Entonces, nos devanamos los sesos pensando en cómo mejorar la productividad, cómo cerrar la brecha entre el potencial productivo de los recursos con que el Estado cuenta para la provisión de servicios –muchos– y los niveles de producción efectivos. En la práctica, cómo reducir el flagelo principal de la población “beneficiaria” del sistema público, cual es la lista de espera, en lo que al aparato productivo de servicios respecta.
Entonces, digo, nada ha de ocurrir con la inyección de más recursos si no pensamos seriamente en el problema de la gestión de los mismos.
Pero no se trata de salir a administrar (¡ánimo, muchachos!) sino de instalar en el corazón de los hospitales el deseo, las ganas de hacerlo mejor. Y tal energía, más allá de un centenar de gestores animados y bienintencionados, algunos de ellos verdaderos líderes en la gestión de sus servicios, con el Estatuto Administrativo y similares, no existe. No hay motivación porque se carece de incentivos.
El comportamiento de nuestros médicos es muy distinto afuera, donde viven de los servicios que prestan, versus adentro, donde son remunerados de forma bastante independiente de lo que producen. Adentro el asunto es más laxo (ya lo dijo Rodrigo Contreras Soto al diario La Segunda en el año 1994, a propósito del “Informe de Caldera”, lo que le costó un año de peregrinar al Comité de Ética del Colegio Médico).

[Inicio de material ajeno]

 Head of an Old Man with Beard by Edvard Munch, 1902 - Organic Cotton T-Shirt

Es interesante cómo los propios médicos lo viven, después de tantos años en lo mismo. Muchos médicos ven su ejercicio dentro de los hospitales públicos como un asunto principalmente formativo, espacio que irán abandonando lentamente, reduciendo sus jornadas, en la medida que pasa el tiempo.

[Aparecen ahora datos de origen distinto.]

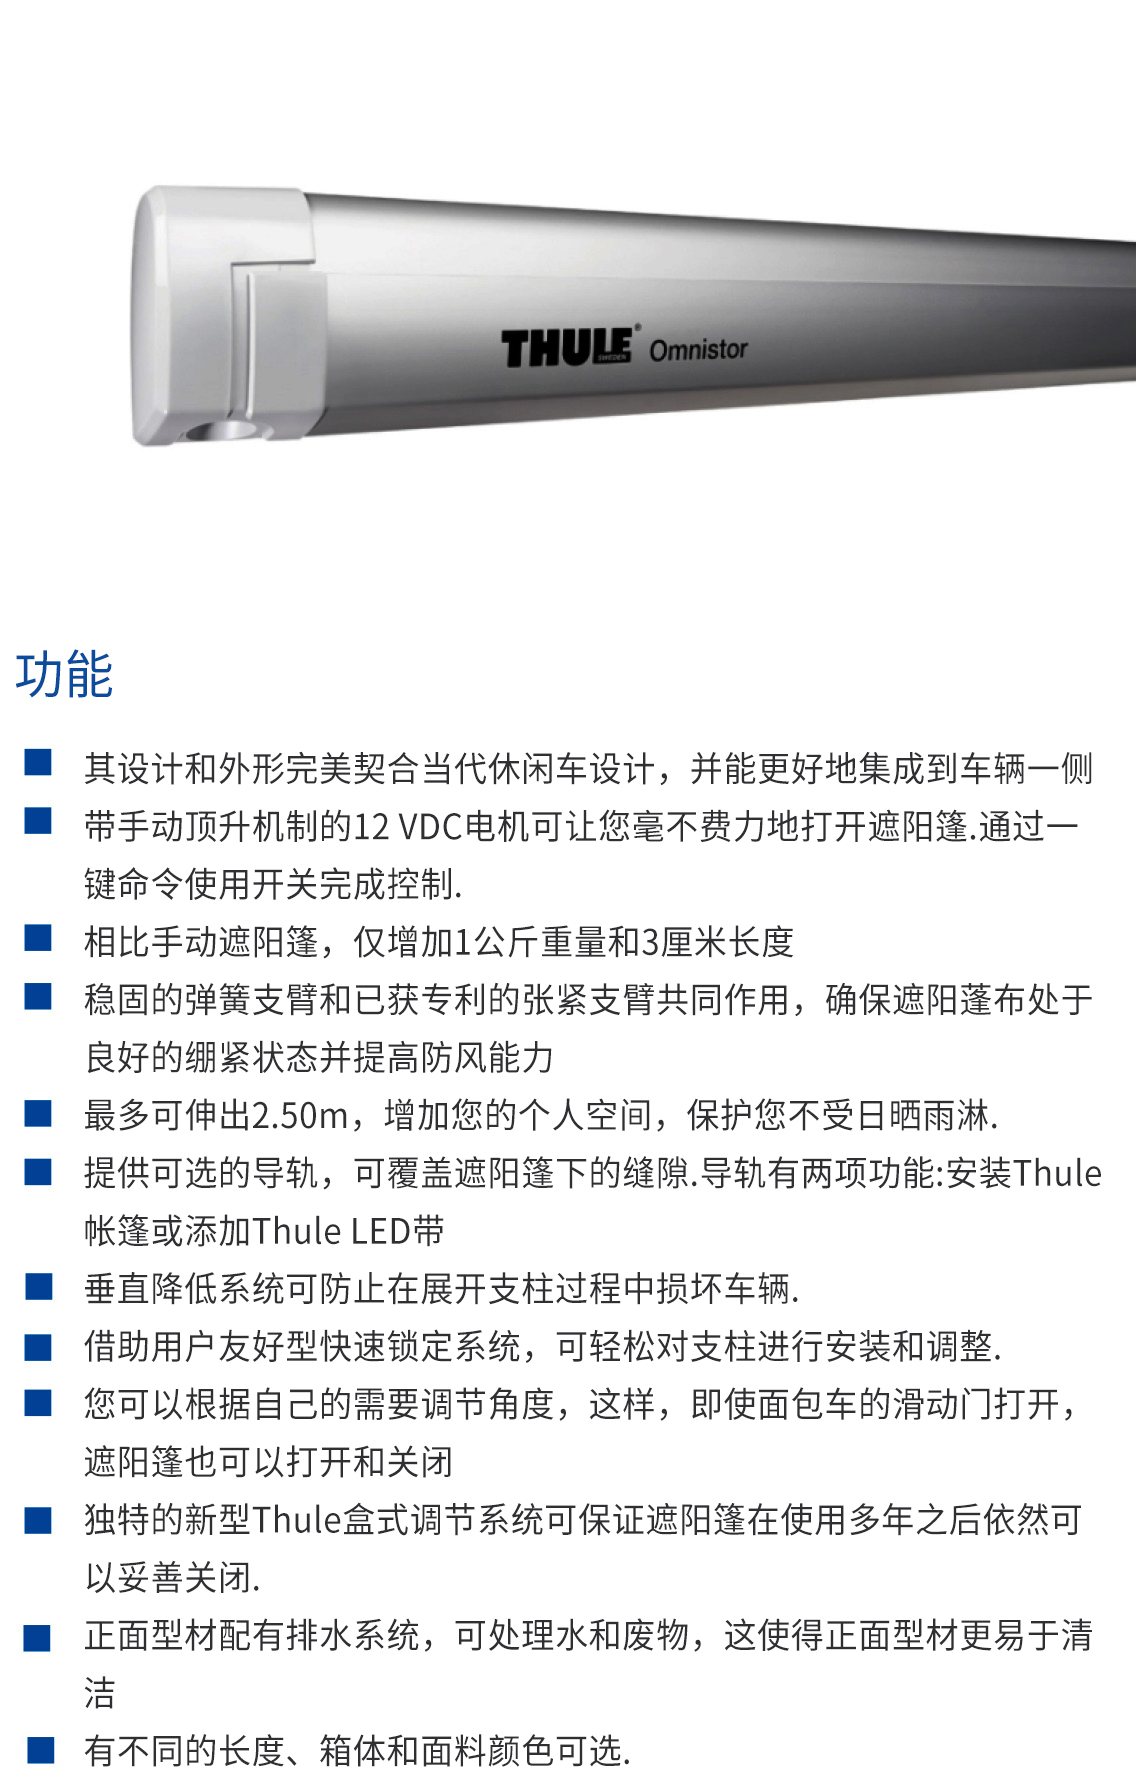 THULE-OMNISTOR-5200电动遮阳篷功能.jpg

Así las cosas, dificulto que ocurran muchas mejoras de productividad si las reglas que nos rigen, que fueron concebidas para la provisión de otro tipo de bienes, siguen allí, buenas para la política fiscal, pero no tanto para las políticas de salud.
Haciendo un juicio de realidad y en la convicción de que no podemos dar completamente la razón a Büchi y dejar morir a los hospitales públicos por la vía de estrangularlos presupuestariamente –tal cosa no apunta a corregir el exceso de gasto–, mientras salimos a comprar servicios a través de la Modalidad de Libre Elección y la futura Modalidad de Cobertura Complementaria de Fondas, a pesar de la gravedad del asunto, un intento por cambiar el Estatuto Administrativo para los hospitales sería una reforma delirante y suicida.
Pero sí podríamos concordar en sacar a los médicos del corsé y poner a disposición del sistema un formato que les remunere con una proporción atractiva de renta variable. Así, ellos mismos han de arrastrar la reforma estatutaria –y sanitaria, que tanta falta hace–, la productividad y hasta el ejercicio apropiado de las jefaturas de servicios clínicos, ahora con gente más deseosa de trabajar.
Esto, por lo demás, ocurre hoy de algún modo gracias a la posibilidad de comprar servicios en horario vespertino a sociedades médicas constituidas por nuestros propios médicos, más baratos que en el sector privado, qué duda cabe –no se paga el capital– y tan vilipendiados por opinólogos de diversas estaturas políticas.
Quizás mejor sería todavía que nos robustecieran la glosa de honorarios para comprar directamente las cirugías vespertinas al personal, sin necesidad de constituir sociedades. Desde ya les señalo que el desplazamiento de la actividad quirúrgica desde el horario hábil a las tardes es controlable –debería serlo– por quienes están a cargo de la gestión.